JAKARTA, (indotimes) – Program Makan Bergizi Gratis (MBG) yang diluncurkan pemerintah diperkirakan akan menelan biaya sebesar Rp1 triliun hingga Rp2 triliun per bulan mulai Maret 2025. Program ini bertujuan untuk memberikan makan bergizi kepada anak-anak di seluruh Indonesia, dengan target penerima manfaat mencapai 82,9 juta orang pada akhir tahun 2025.
Menteri Koordinator Bidang Pangan Zulkifli Hasan, yang dikenal dengan panggilan Zulhas, menyatakan bahwa peningkatan anggaran ini diperlukan untuk mempercepat cakupan penerima manfaat. “Anggaran program MBG diperkirakan bisa mencapai Rp1 triliun hingga Rp2 triliun per bulan pada Maret,” ujar Zulhas dalam keterangan pers setelah rapat koordinasi di Kantor Kemenko Pangan pada 3 Maret 2025.

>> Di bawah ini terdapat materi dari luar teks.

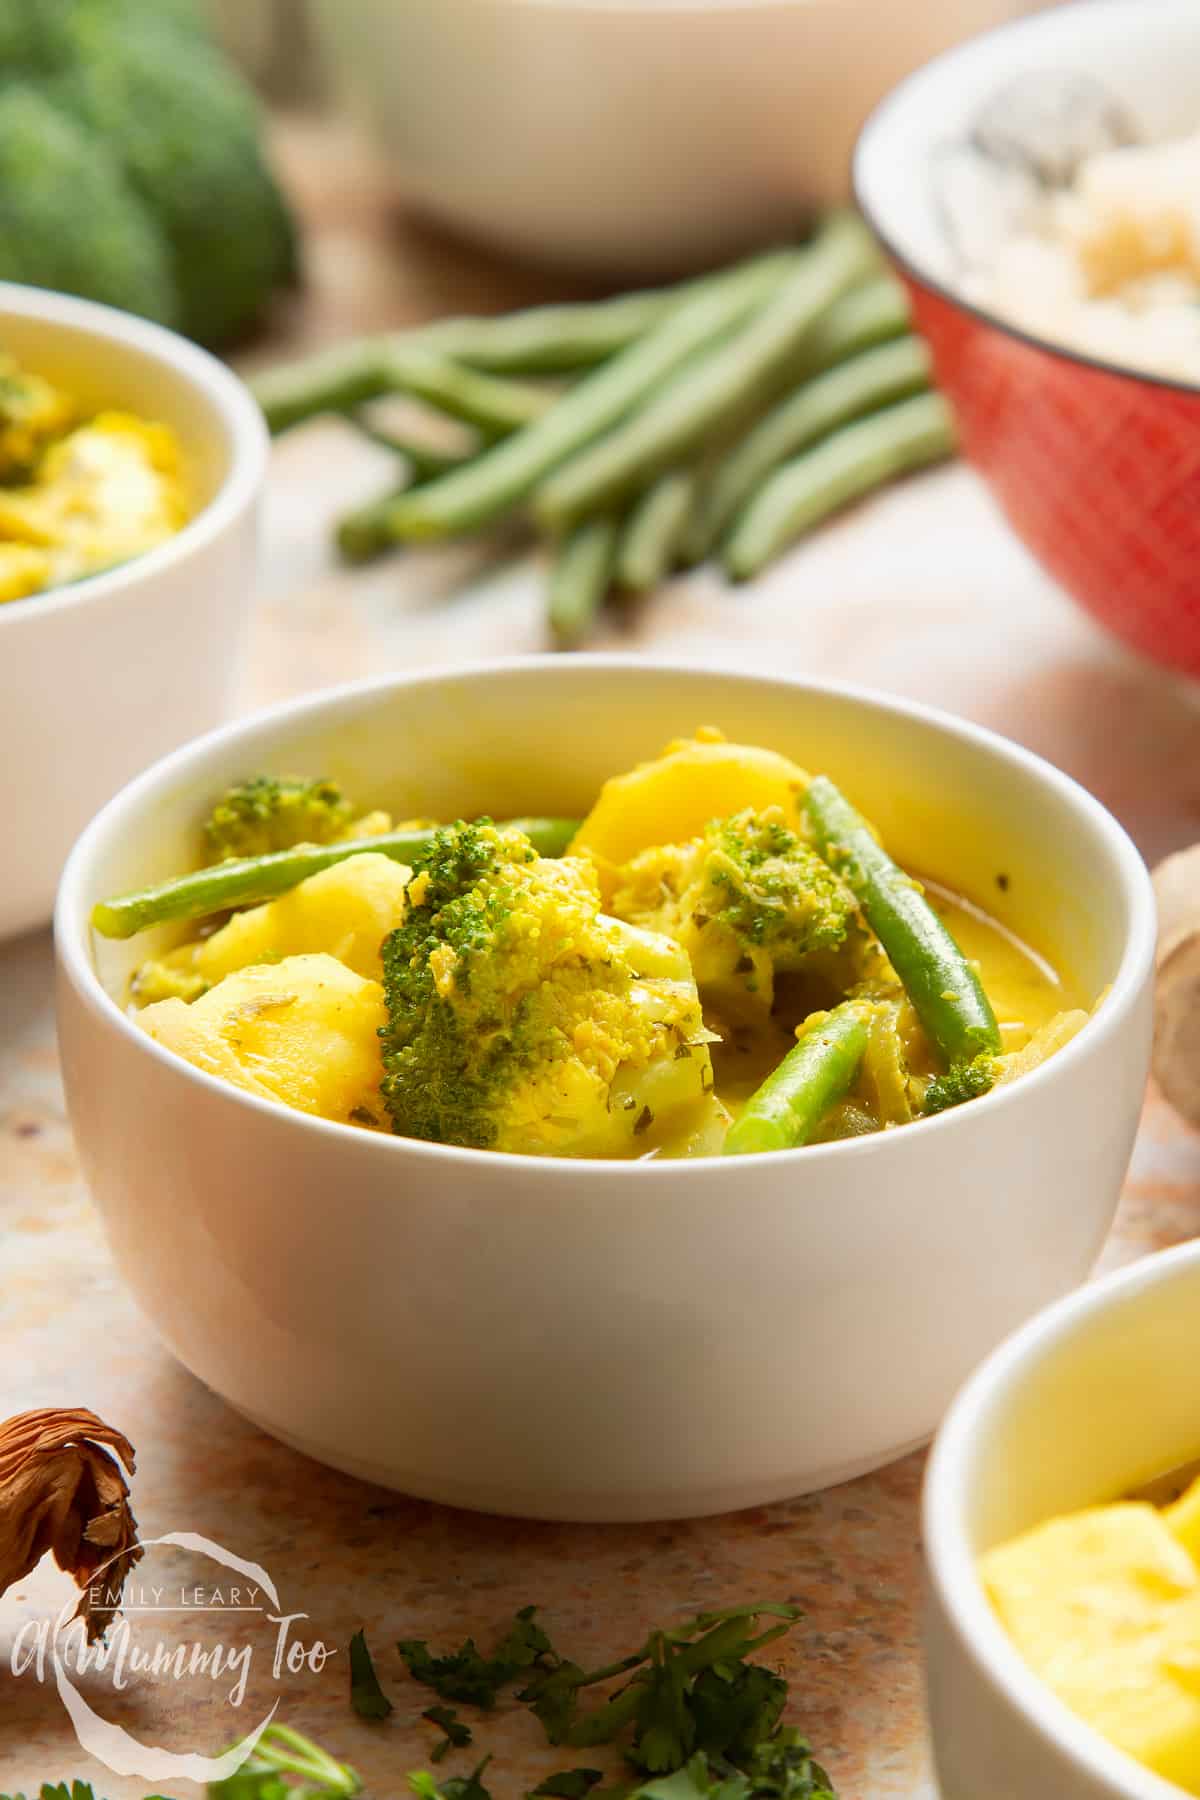 Vegetarian yellow curry with broccoli, potato and green beans, served to small white bowls. A bowl of rice is shown in the background.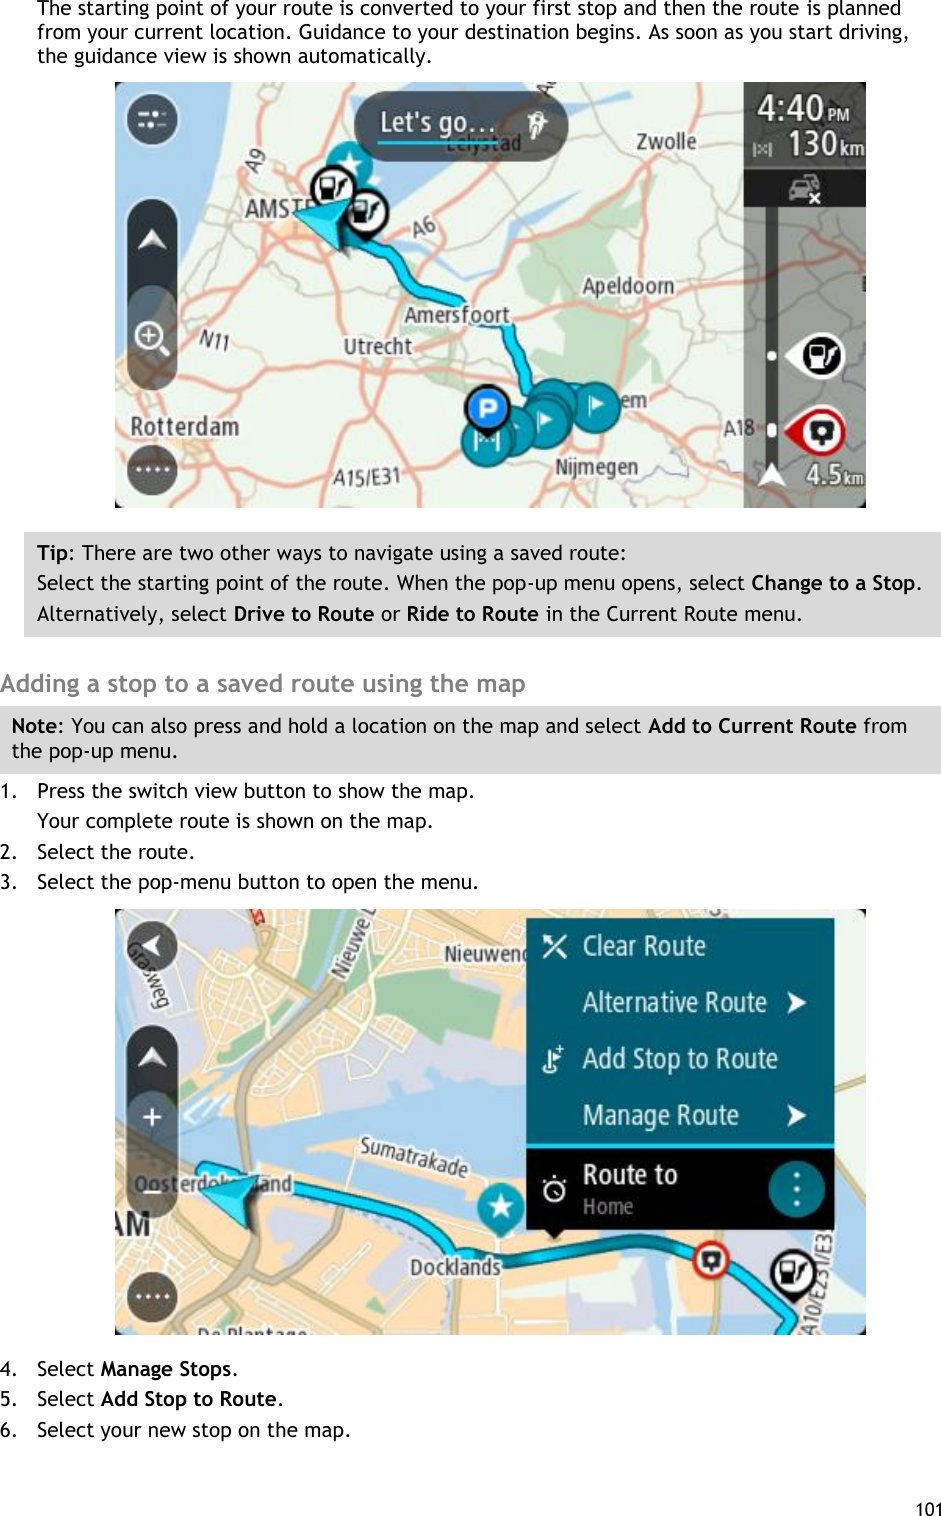  101  The starting point of your route is converted to your first stop and then the route is planned from your current location. Guidance to your destination begins. As soon as you start driving, the guidance view is shown automatically.  Tip: There are two other ways to navigate using a saved route: Select the starting point of the route. When the pop-up menu opens, select Change to a Stop. Alternatively, select Drive to Route or Ride to Route in the Current Route menu.  Adding a stop to a saved route using the map Note: You can also press and hold a location on the map and select Add to Current Route from the pop-up menu. 1. Press the switch view button to show the map. Your complete route is shown on the map. 2. Select the route. 3. Select the pop-menu button to open the menu.  4. Select Manage Stops. 5. Select Add Stop to Route. 6. Select your new stop on the map.

Program ini bertujuan untuk mengatasi masalah gizi buruk di Indonesia, dengan menyediakan makanan bergizi di sekolah-sekolah. Zulhas menjelaskan bahwa peningkatan anggaran ini juga berkaitan dengan peningkatan kebutuhan bahan baku, seperti telur yang diperkirakan akan mencapai 4,5 juta butir dan beras sebanyak 4 juta ton.
ADVERTISEMENT
SCROLL TO RESUME CONTENT
Aturan Baru Diperlukan untuk Kelancaran Program MBG
Zulkifli Hasan juga menegaskan bahwa koordinasi yang lancar antara berbagai pihak sangat penting untuk kesuksesan program ini. Oleh karena itu, diperlukan aturan yang jelas, baik dalam bentuk Instruksi Presiden (Inpres) atau Peraturan Presiden (Perpres). Menurutnya, Badan Gizi Nasional dan berbagai pihak terkait harus bekerja sama untuk memastikan suplai bahan makanan yang memadai.
Kepala Badan Gizi Nasional (BGN), Dadan Hindayana, menyampaikan bahwa dengan anggaran Rp1 triliun hingga Rp2 triliun, sekitar 3 juta anak diperkirakan akan menerima manfaat dari program ini. Namun, jika target 82,9 juta anak tercapai, kebutuhan anggaran per bulan akan mencapai Rp25 triliun, yang diperkirakan akan dimulai pada September 2025.
Masalah dalam Pelaksanaan Program MBG
Selama dua bulan pelaksanaan program MBG, beberapa masalah muncul, seperti makanan yang masih mentah dan insiden keracunan pada siswa. Dadan menjelaskan bahwa hal ini disebabkan oleh Satuan Pelayanan Pemenuhan Gizi (SPPG) yang masih beradaptasi dengan skala besar. “Kami akan meningkatkan kapasitas memasak secara bertahap dan melakukan perbaikan berkelanjutan,” ujar Dadan.
Meskipun ada permasalahan, Dadan tetap mengklaim bahwa secara umum program ini berjalan lancar. Untuk memastikan kualitas dan pengawasan, BGN meminta seluruh SPPG untuk mengunggah foto makanan yang disiapkan ke media sosial sebagai bagian dari transparansi.
Ekonom Kritisi Program MBG, Fokus pada Kuantitas dan Bukan Kualitas
Ekonom dari CELIOS, Galau D Muhammad, menyayangkan kebijakan pemerintah yang terlalu fokus pada kuantitas penerima manfaat, tanpa memperhatikan kualitas makanan yang disediakan. “Anggaran yang besar memang akan menjangkau banyak anak, namun kualitas gizi yang diberikan tidak dijamin,” ujar Galau.
Menurut Galau, pemerintah seharusnya lebih memperhatikan efisiensi dan ketepatan sasaran dalam program ini. Ia menilai, ketidaksiapan pemerintah dalam mempersiapkan pelaksanaan program menyebabkan berbagai masalah, termasuk ketidakmampuan vendor dalam memenuhi pesanan sesuai dengan kebutuhan pemerintah.
Galau juga menyoroti kurangnya mitigasi risiko dalam pelaksanaan program MBG, seperti masalah kapasitas pengolahan makanan dan distribusi. Ia menyarankan agar uji kelayakan dilakukan lebih awal agar program ini dapat berjalan lebih efektif dan efisien.